Servizi sociali e dintorni

Tra le funzioni fondamentali affidate ai comuni, ai servizi sociali viene riconosciuto uno specifico fabbisogno standard.

“I livelli di spesa registrati sono più alti nel centro e nel nord Italia rispetto al sud. Questo perché i territori che offrono più servizi continuano a finanziarli nel corso del tempo per mantenerli attivi. Al contrario, comuni che non hanno risorse per offrire più servizi, spesso non hanno la possibilità di finanziare adeguatamente quelli già esistenti sul territorio”.
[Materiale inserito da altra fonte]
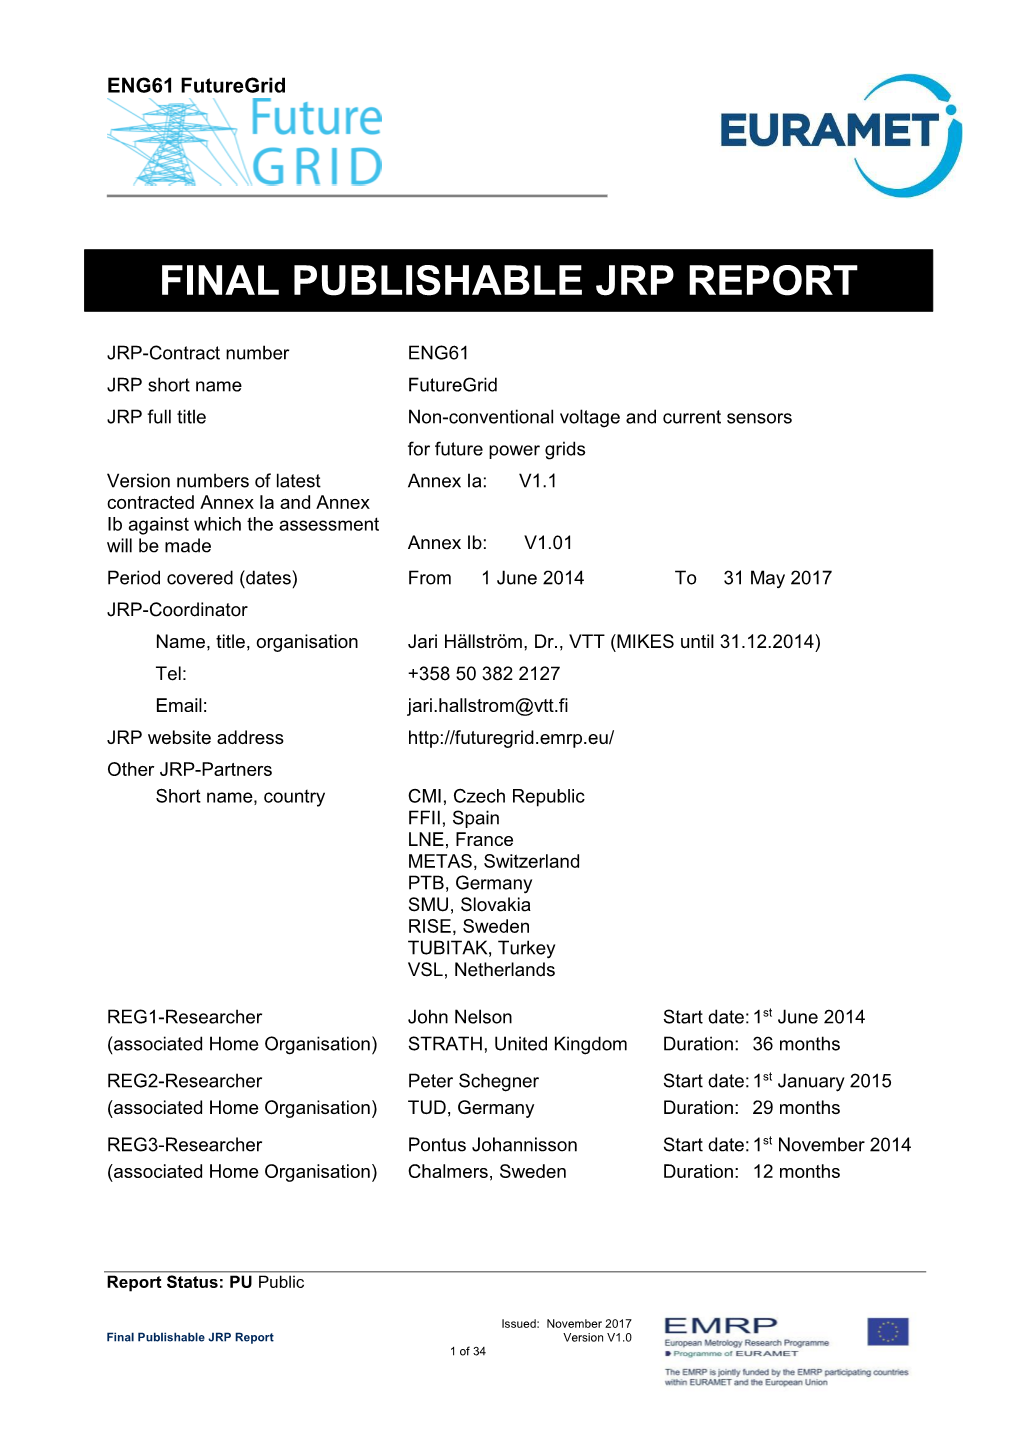 Final Publishable Jrp Report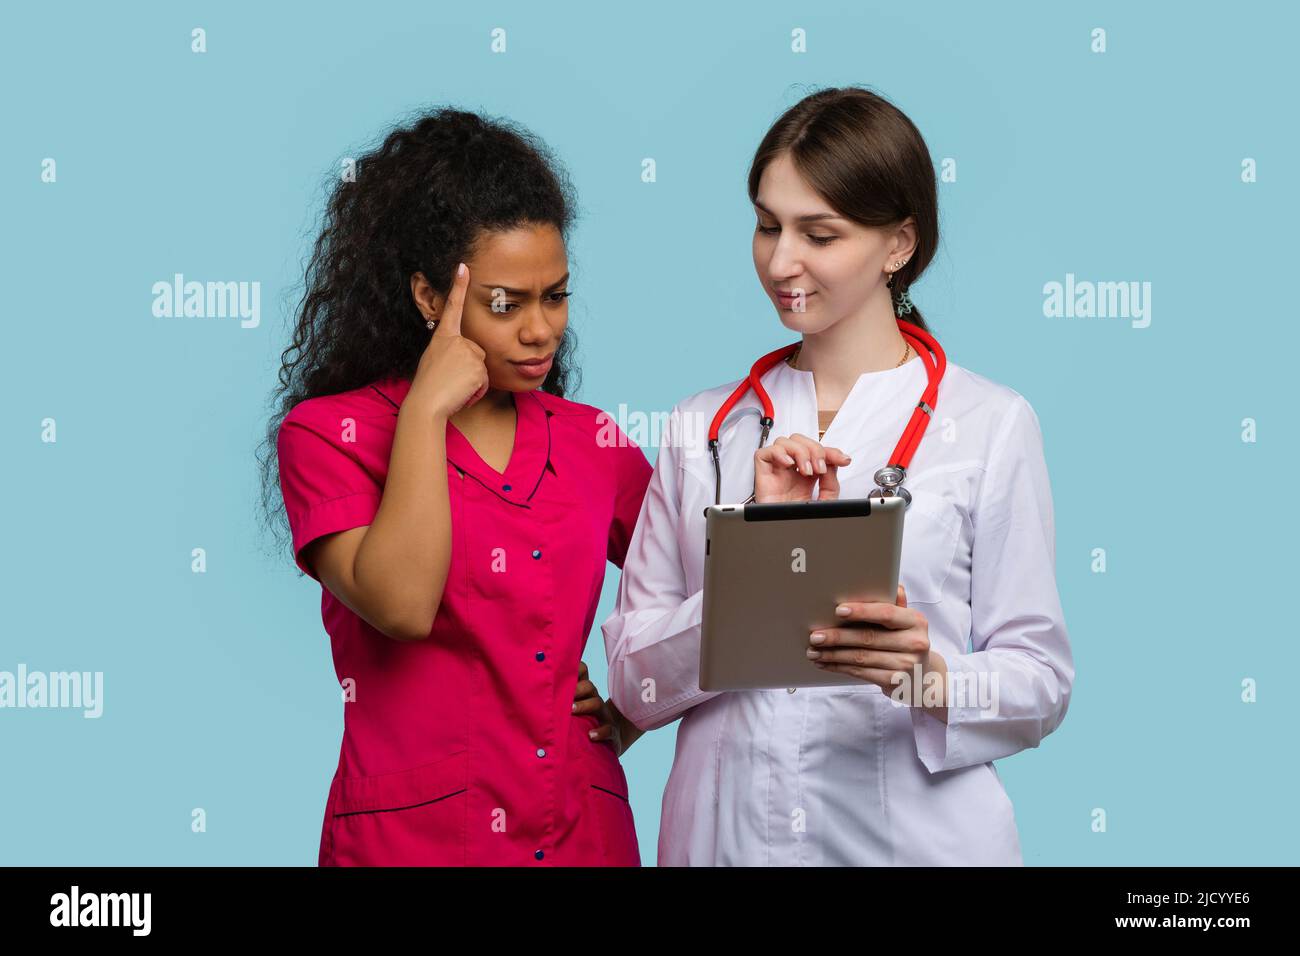 La femme caucasienne GP et la pensive afro-américaine femme médecin assistant stagiaire regarde la tablette numérique sur Blue Studio Wall. Équipe médicale multiethnique Banque D'Images

A Reggio la “spesa sociale” per abitante è di 36,63 euro; a Catanzaro è di 70; a Cosenza 105; a Vibo 17; e infine, a Crotone, è di 60 euro. Le famiglie in potenziale disagio economico (dati Istat 2011) sono il 5% a Reggio, il 4,5% a Catanzaro; a Vibo il 4,9%, a Cosenza il 4,6 e a Crotone il 7%.

“I comuni appartenenti alle regioni del centro e nord Italia registrano in media un livello di fabbisogno di servizi sociali superiore a quello delle regioni del sud. Al primo posto il Lazio, a quota 124 euro pro capite, seguito da Emilia Romagna e Liguria. Chiudono invece la classifica Basilicata,Calabria e Molise a soli 57 euro per abitante”.

Asili nido…tasto dolente

Le regioni del sud registrano in media, in questo specifico settore, la percentuale più bassa di copertura del servizio. E il divario con il centro nord rimane sempre in crescita, e nel 2016, relativamente all’offerta di asili nido, si è attestato al 20%.

Il divario che emerge tra il sud e il resto del paese è molto più ampio di quello rilevato in precedenza sui fabbisogni standard totali e sui fabbisogni di servizi sociali. Basti pensare che il fabbisogno standard di asili nido per residente 0-2 anni in Calabria si attesta sui 167 euro, e che la differenza con l’Emilia Romagna, la prima della classifica, è di 1776 euro. A Reggio il fabbisogno standard per asili nido è stimato in 59 euro (il divario medio dal fabbisogno di asili con citta simili è -96%); a Catanzaro è di 197 euro (-82%); a Cosenza 803 euro (-27,5%); a Vibo 460 (-42%); a Crotone 202 euro (-81%).

Il fondo di solidarietà comunale e la Costituzione applicata

“E’ finanziato dai comuni e ne beneficiano i comuni stessi, secondo un sistema di versamento o ricezione delle risorse. È alimentato, oltre che dal fondo perequativo, da quote che i comuni versano o ricevono in base a calcoli legati alle loro spese e risorse storiche. La logica che regola il Fsc dovrebbe essere quella della solidarietà: comuni più ricchi trasferiscono nel fondo parte delle loro risorse, che vengono destinate alle amministrazioni in difficoltà”.

L’inchiesta di Report e Openpolis mette il dito nella piaga quando parla di mancata trasparenza nella elaborazione dei criteri di ripartizione del fondo. Con dei calcoli incrociati e complicati, l’inchiesta rivela che se fosse applicato il dettato della Costituzione con la distribuzione del fondo di solidarietà comunale con i Livelli Essenziali delle Prestazione e perequazione al 100%, le risultanza sarebbero davvero diverse: a Reggio mancano più di 41 milioni di risorse, a Catanzaro 15, a Cosenza 9.